An exploration of how the East is imagined and described in a wide range of Old English prose and poetry. Among topics covered will be the major points of contact between East and West in the early Middle Ages: Christian, Germanic and Islamic mythology and cosmology, conflict between human beings and monsters, the origin of ethnic groups, and examples of exile. Geographies studied will include Scandinavia, Eastern Europe, the Holy Land, Syria, Egypt, Mesopotamia, Persia, and India, using literature like saints' lives (on desert saints), travel accounts (by Ohthere and Ibn Fadlan), global zoology and anthropology (the Wonder of the East, the Liber monstrorum), and military and tribal historiography (Alexander the Great). Old English materials will be read in the original language; additional texts written in Latin, Arabic and Old Norse will be studied in translation.

Relationship to other modules

Pre-requisite(s): Before taking this module you must pass EN2003 and pass EN2004

Learning and teaching methods and delivery

Weekly contact: A 2-hour weekly seminar (x 11 weeks)

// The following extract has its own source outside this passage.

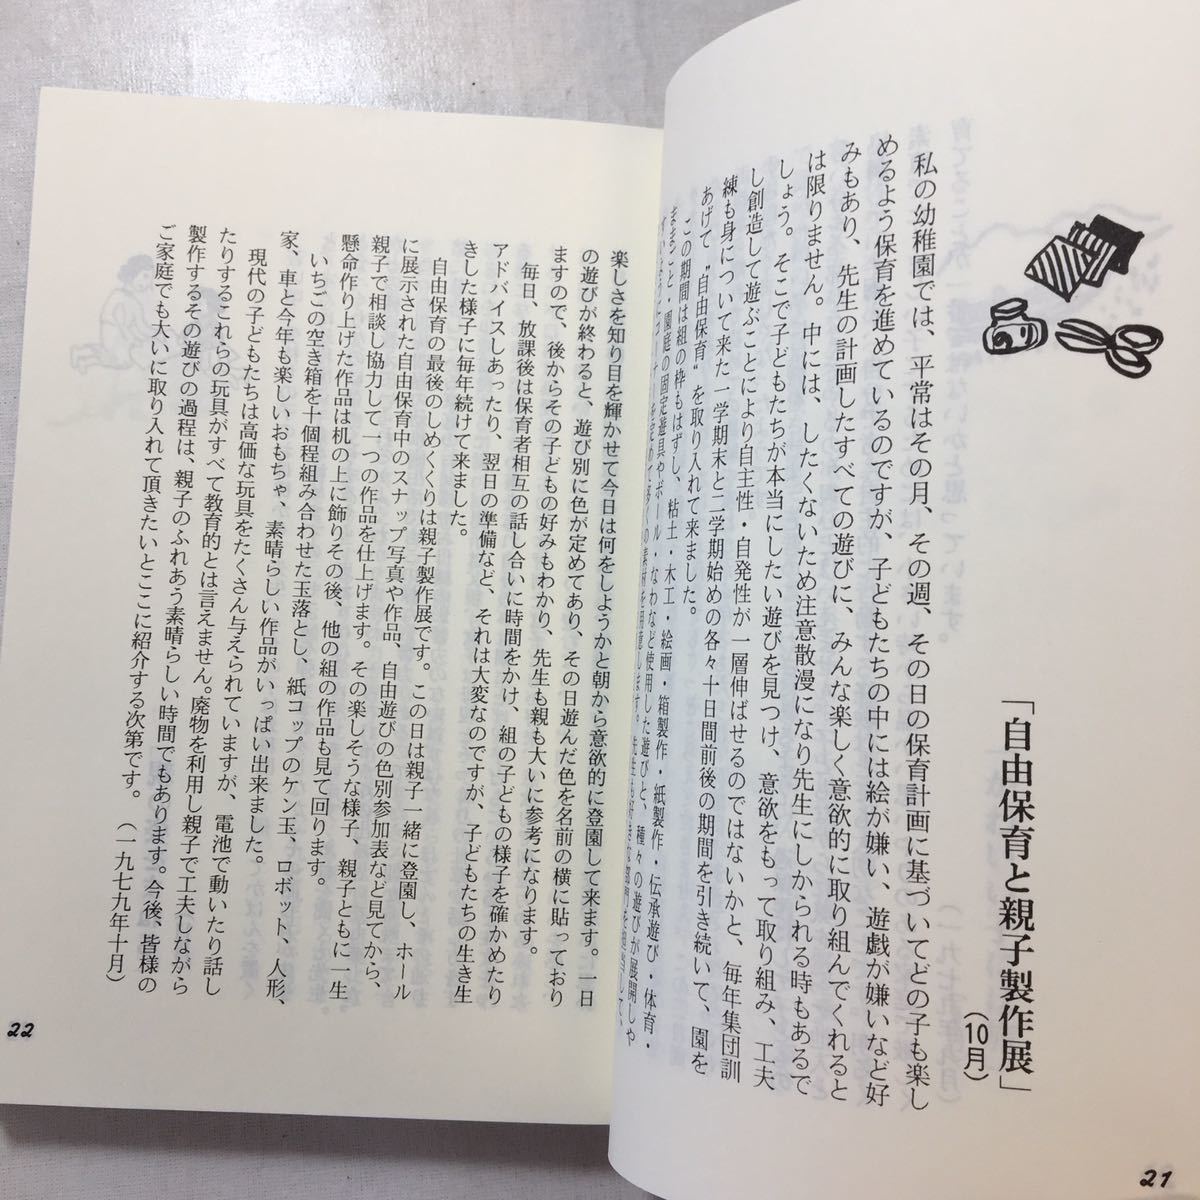 zaa-253♪母子草 (1984年) 並川 明子 (著) 神戸幼児教育センター 古書, 1984/7/1_画像6

Scheduled learning hours: 22

Guided independent study hours: 278

Assessment pattern

As used by St Andrews: Coursework = 50% Written Exam = 50%


Re-assessment: Written Exam = 100%

Personnel

Module coordinator: Dr C Rauer
Module teaching staff: Dr Christine Rauer

Intended learning outcomes

  • 1. Acquire a good knowledge and critical awareness of a range of early medieval attitudes towards Eastern cultures.
  • 2. Deepen their knowledge of Old English language, and cope more confidently with texts in early English and difficult linguistic formats.
  • 3. Develop self-awareness in reacting to culturally, historically and spiritually alien materials in a tolerant and knowledgeable way.
  • 4. Recognise modern preoccupations with intercultural relations in the written output of earlier generations and understand the timelessness of such topics.